#### Task requirements
Reproduce each line below precisely. Drop the pictures.

[Opening Data block section]

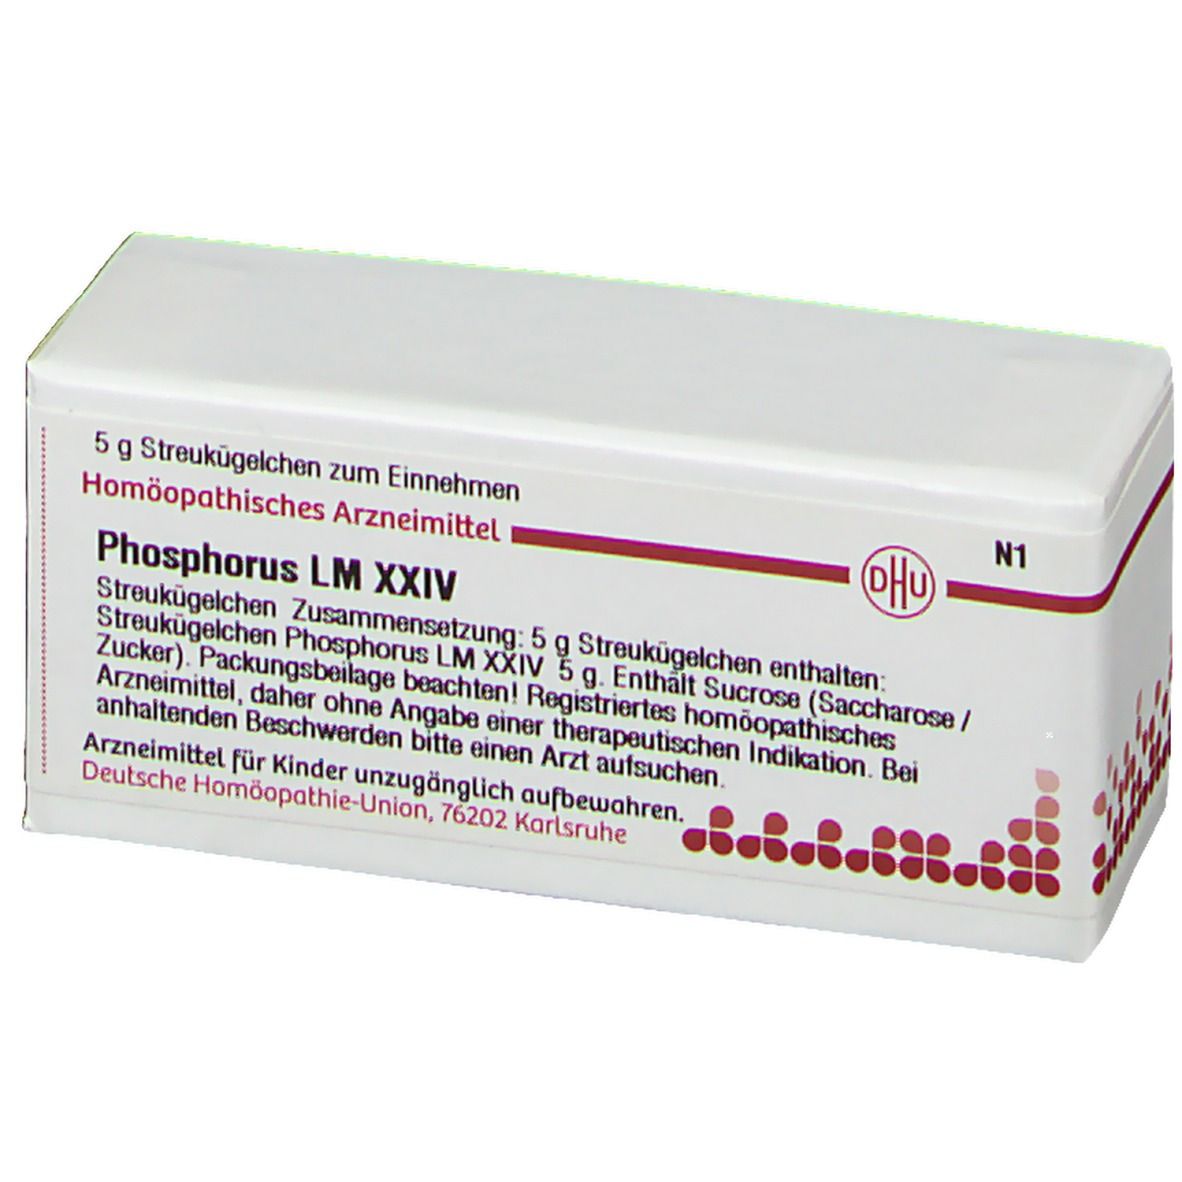 DHU Phosphorus LM XXIV
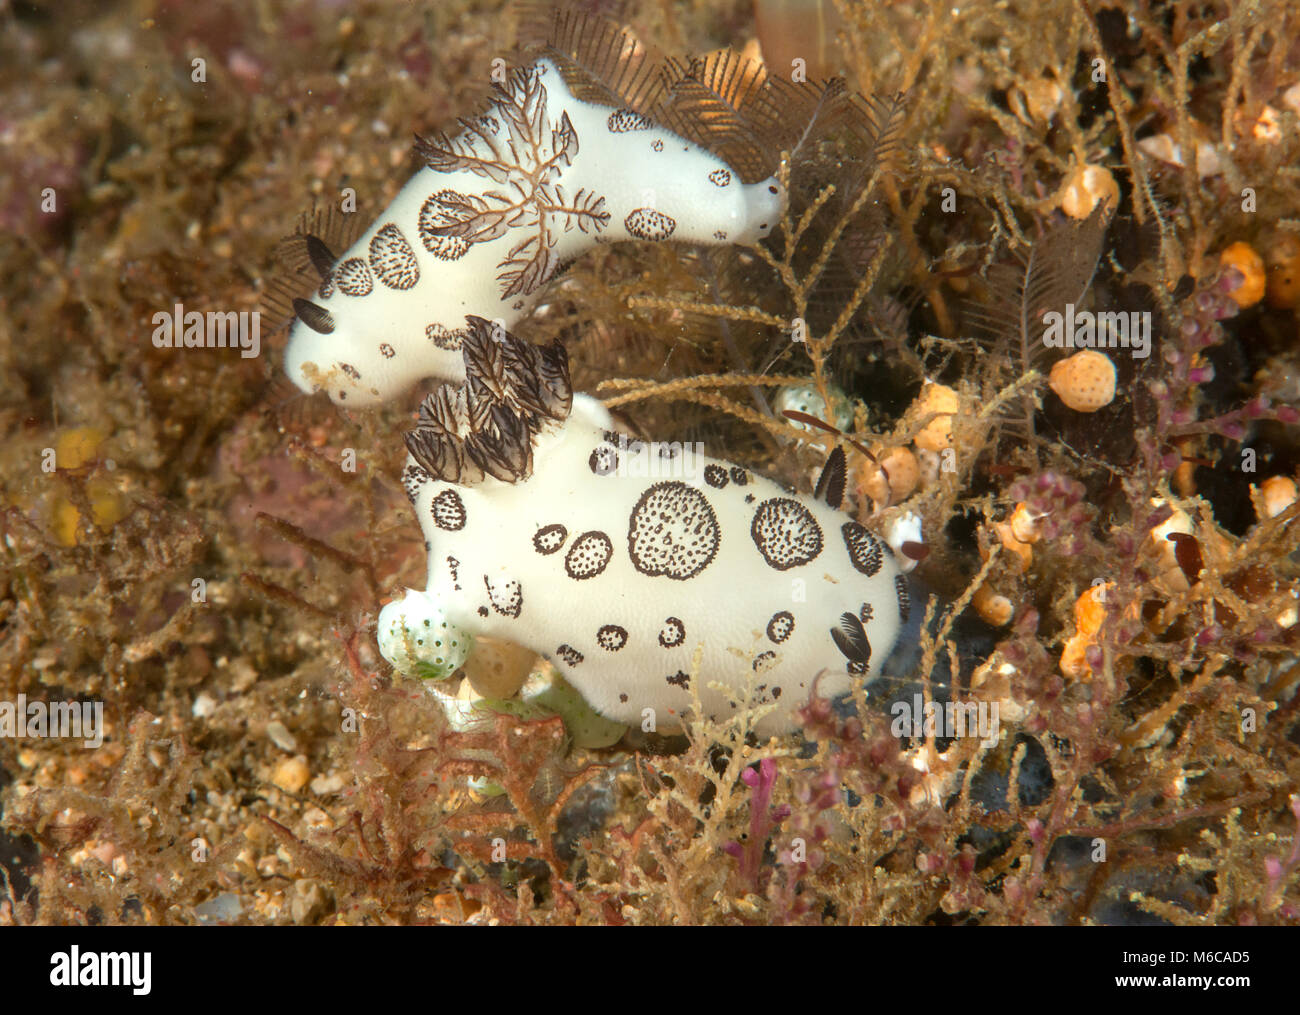 Jorunna funebris nudibranch crawling on sea bottom of Bali Stock Photo
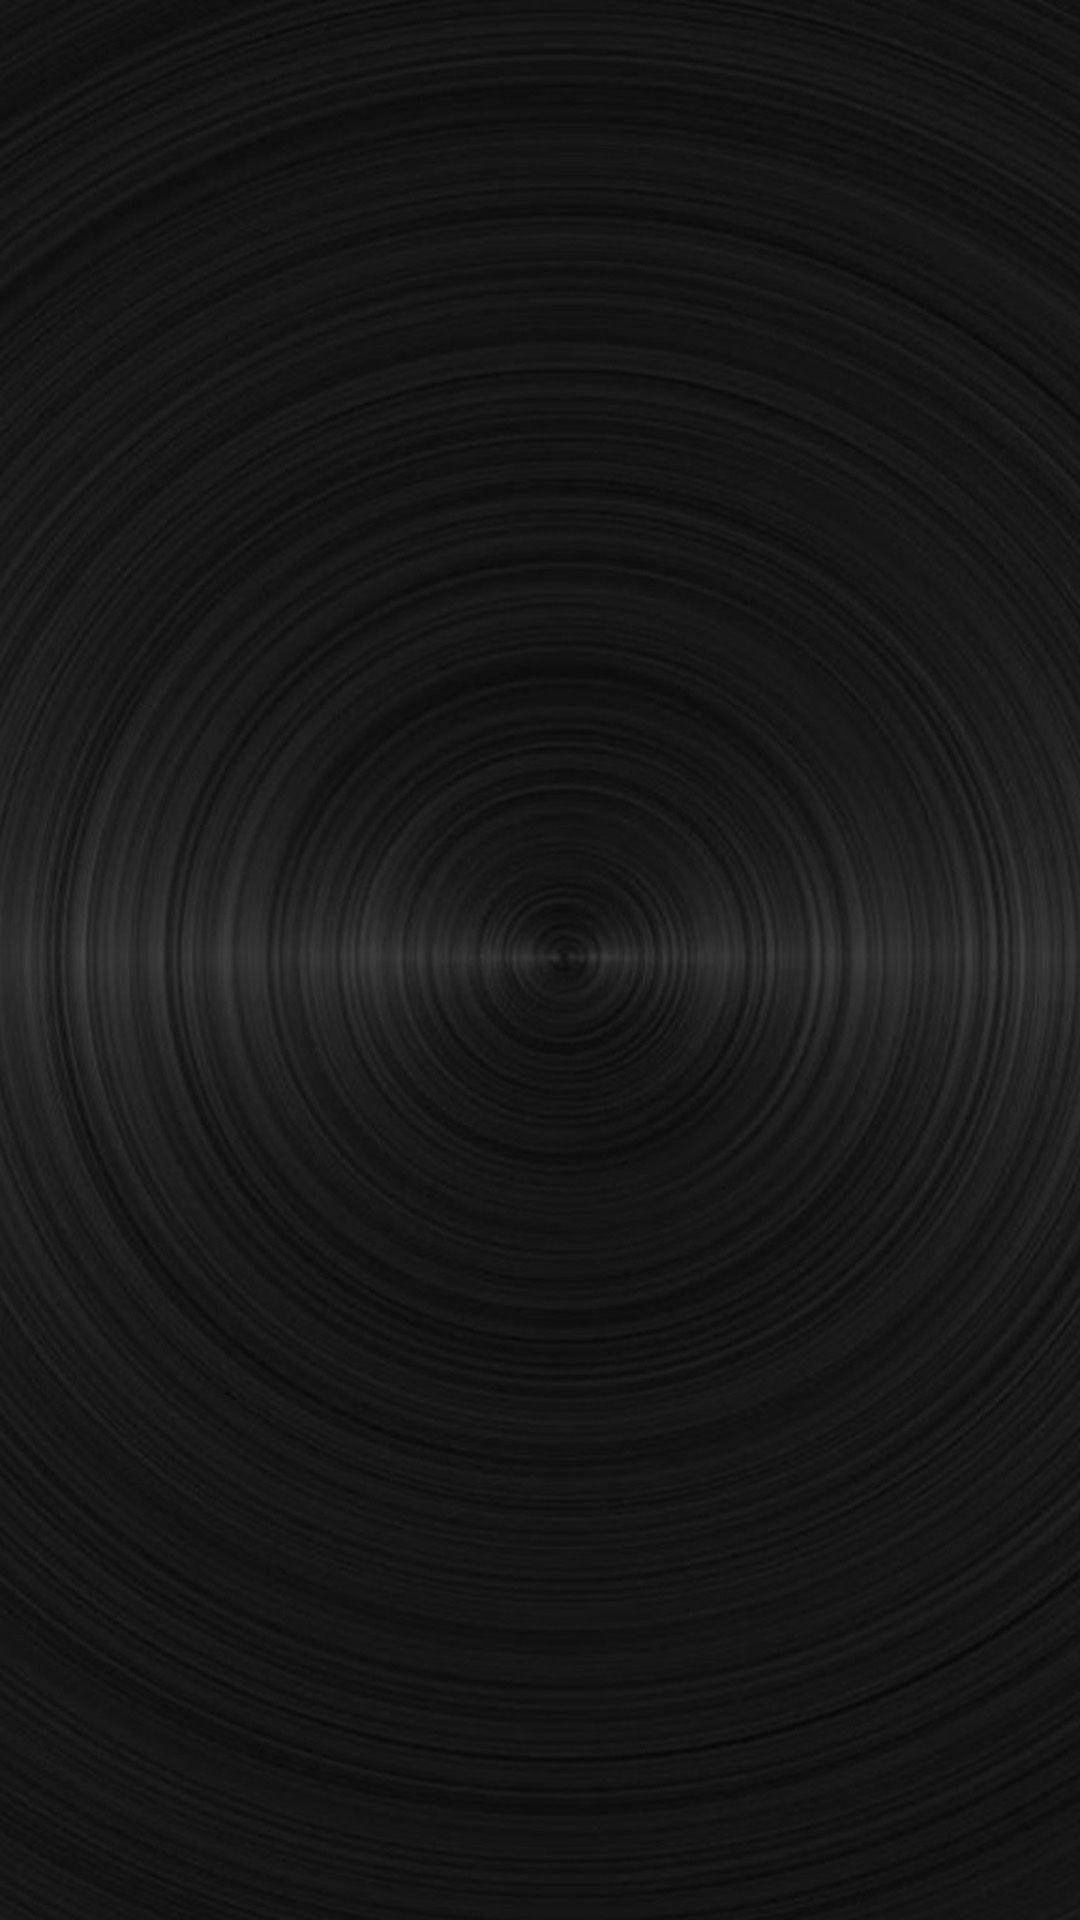 Stylish Black Spinning Disk Wallpaper
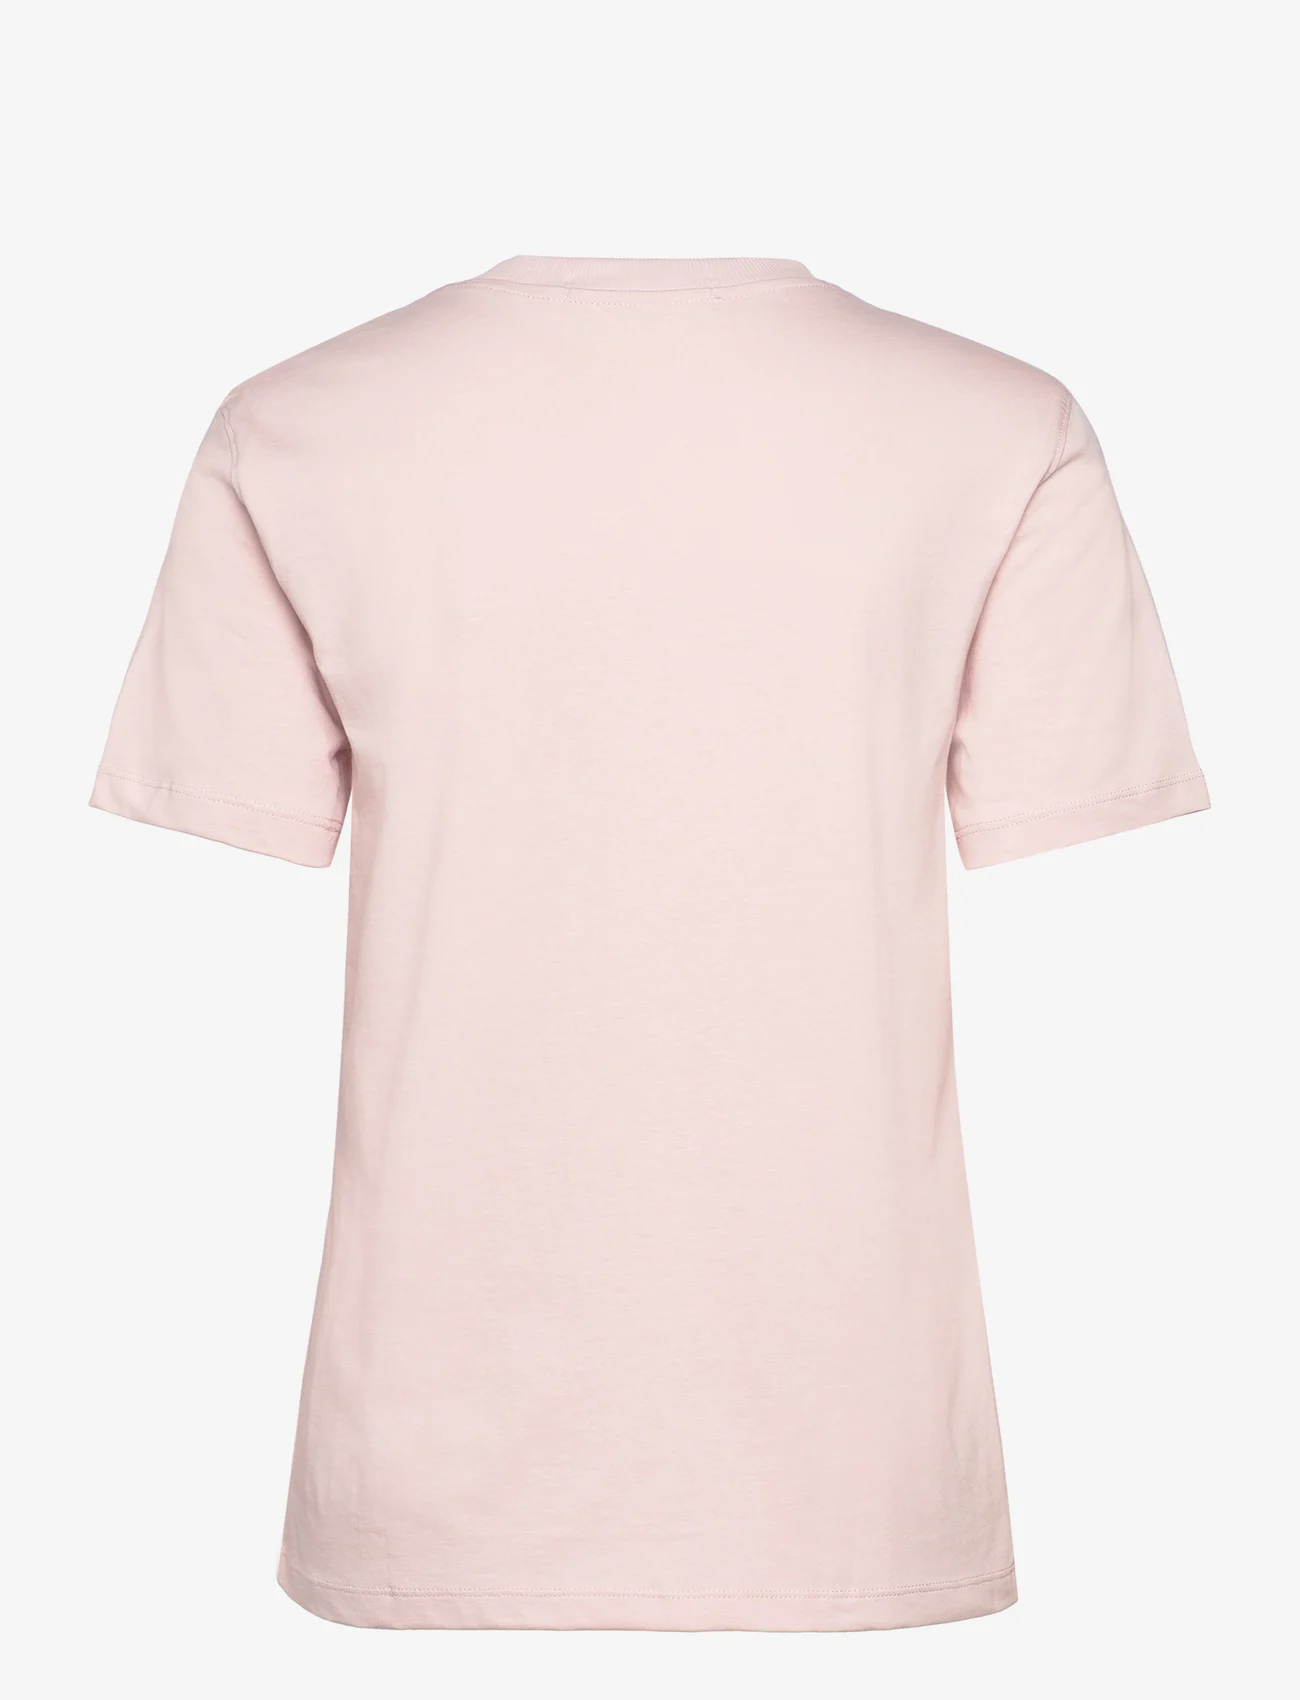 Calvin Klein Jeans - CK EMBRO BADGE REGULAR TEE - t-skjorter - sepia rose - 1

[Closing Data block section]

#### Solution to the problem
 DHU Phosphorus LM XXIV
 Jorunna funebris nudibranch crawling on sea bottom of Bali Stock Photo
 Stylish Black Spinning Disk Wallpaper
 Calvin Klein Jeans - CK EMBRO BADGE REGULAR TEE - t-skjorter - sepia rose - 1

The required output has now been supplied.